00:04
Briefly
Why AI can be a risk for companies. Your customers and partners are probably asking you a lot about AI lately. How are you using it? What can it actually do? And most importantly, what safeguards do you have in place? It doesn't matter if you're in sales, support success or procurement. You're going to hit these questions sooner or later. Because for all of its benefits, AI also carries risk. Having the right answers to these concerns can help you keep the trust you've worked so hard to build. These five areas cover the risks that every AI forward company needs to understand. First, let's talk about liability. Who's responsible when something goes wrong? It's easy to point the finger at a person, less so when the decision maker is a machine.
01:00
Briefly
Imagine a factory using AI to inspect parts on the line faster and more consistently than any person. What happens when a batch passes inspection, ships and fails because the system was never trained to catch a specific defect? Now you have a damaged customer relationship and a potential lawsuit because of a question you didn't answer when the system went live. If the AI gets it wrong, who pays? Next is number two, Confidentiality. AI is only as good as the data it consumes, and companies often feed it the most sensitive information they have. What if an engineer at Datacorp, debugging a tricky problem, pastes proprietary code into an AI assistant for help? It might work perfectly and find the bug in seconds, but thanks to some fine print, the AI provider can use the data Corp's most sensitive IP to train its models.
02:00
Briefly
Nobody asked the engineer to read the terms and conditions or told her not to use AI. She was just trying to do her job faster.

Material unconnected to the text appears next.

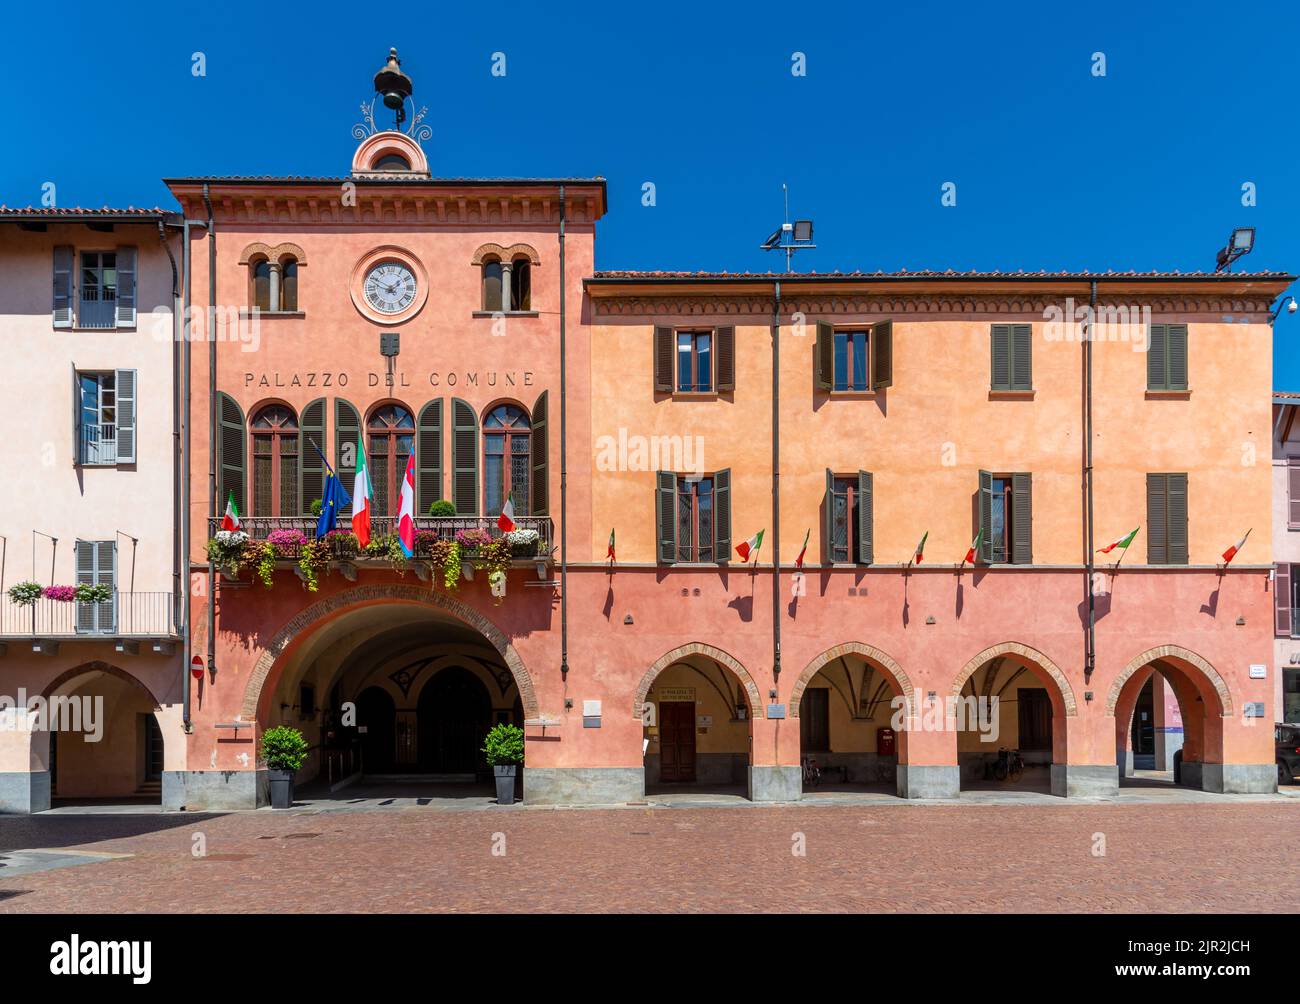 Alba, Langhe, Piemont, Italien - 16. August 2022: Das Rathaus von Alba mit den blühenden Balkonen und der italienischen Nationalflagge Stockfoto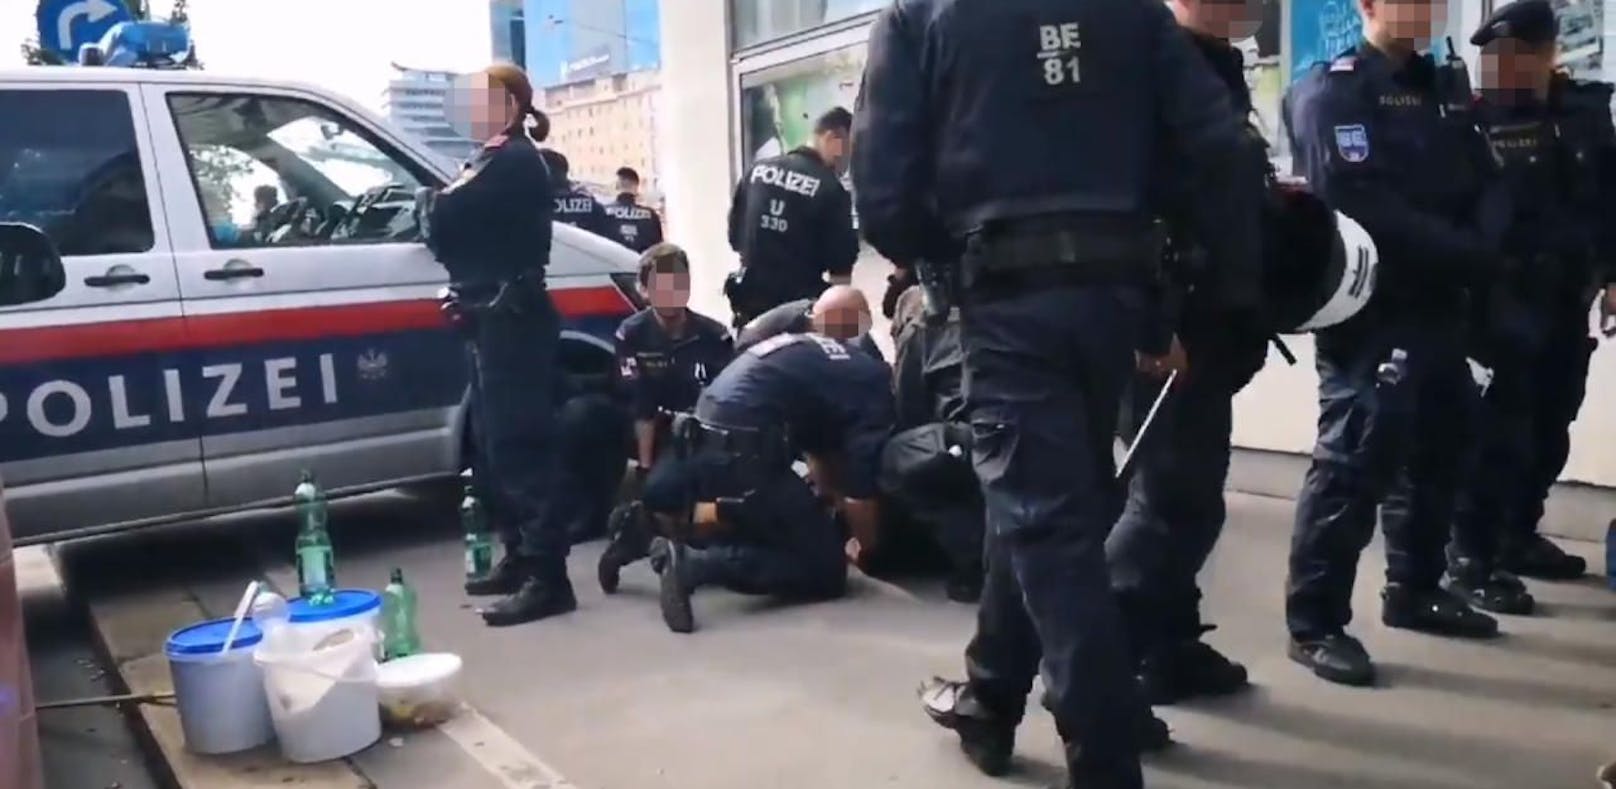 Am Rande einer Klima-Demo prügelte ein Polizist auf einen am Boden fixierten Mann ein.

The third area of AI risk is accuracy. AI can sound completely certain and be utterly wrong, which might be fine if you're picking out a paint color. It's a different story when the stakes are real. A lawyer, for example, asks an AI research tool to find case law for a motion. It returns citations, summaries, and confident analysis. It's exactly what she needs, so she files it. Then the court finds two of the cases don't exist. The AI invented them out of whole clothes, complete with plausible names, realistic citations, and footnotes that lead nowhere. This has already happened more than once and made national news, which is probably not ideal if you ever want to make partner.
02:59
Briefly
In any profession where people act on AI's word, whether it's legal, financial, medical, or safety, a confident wrong answer is worse than no answer at all. Risk number four is bias and discrimination. AI can also inherit human bias and scale it to the point of legal exposure. It's especially important in the context of hiring. With lots of companies using AI tools to screen hundreds of job applications, it feels objective, relying on pure data over human prejudice. Then someone audits the results. The candidates the AI favors skew heavily by age and gender. It turns out that the tool was trained on the company's own hiring history. That came with decades of human decisions baked in, with biases included. The bias inherited by the AI now impacts every open role in the company.
03:59
Briefly
And anti discrimination laws don't care whether a human or an algorithm made the decision. Finally, we come to number five, intellectual property. Who owns the creative or technical work generated by AI? The answer isn't always clear, and it's currently one of the thorniest legal questions of the AI era. Picture a video game studio using an AI image generator to create character designs for a new title. The results are stunning. Ten times faster than working from scratch. Six months after the game ships, a competitor releases a game with strikingly similar characters. But when the studio tries to enforce the copyright, it discovers it might not own the designs at all. Copyright law generally protects work made by humans. But when a living, breathing artist is out of the equation, that protection can disappear. It cuts both ways.
04:58
Briefly
Generative AI is trained on existing work, sometimes work that's copyrighted. Using the wrong output means failing to protect your own IP and infringing on someone else's. Either way, you've built a product you don't actually own. By now, you should be able to see the pattern. It's a story that's emerged across countless companies. In nearly every industry, someone adopted an AI tool for a perfectly good reason. And a risk they didn't see was waiting underneath. Liability, confidentiality, accuracy, bias, intellectual property. These five types of risk follow AI into every business. And you don't need to be a lawyer to understand them. You just don't want to be the person who finds out the hard way and has to explain to your customers why nobody saw it coming.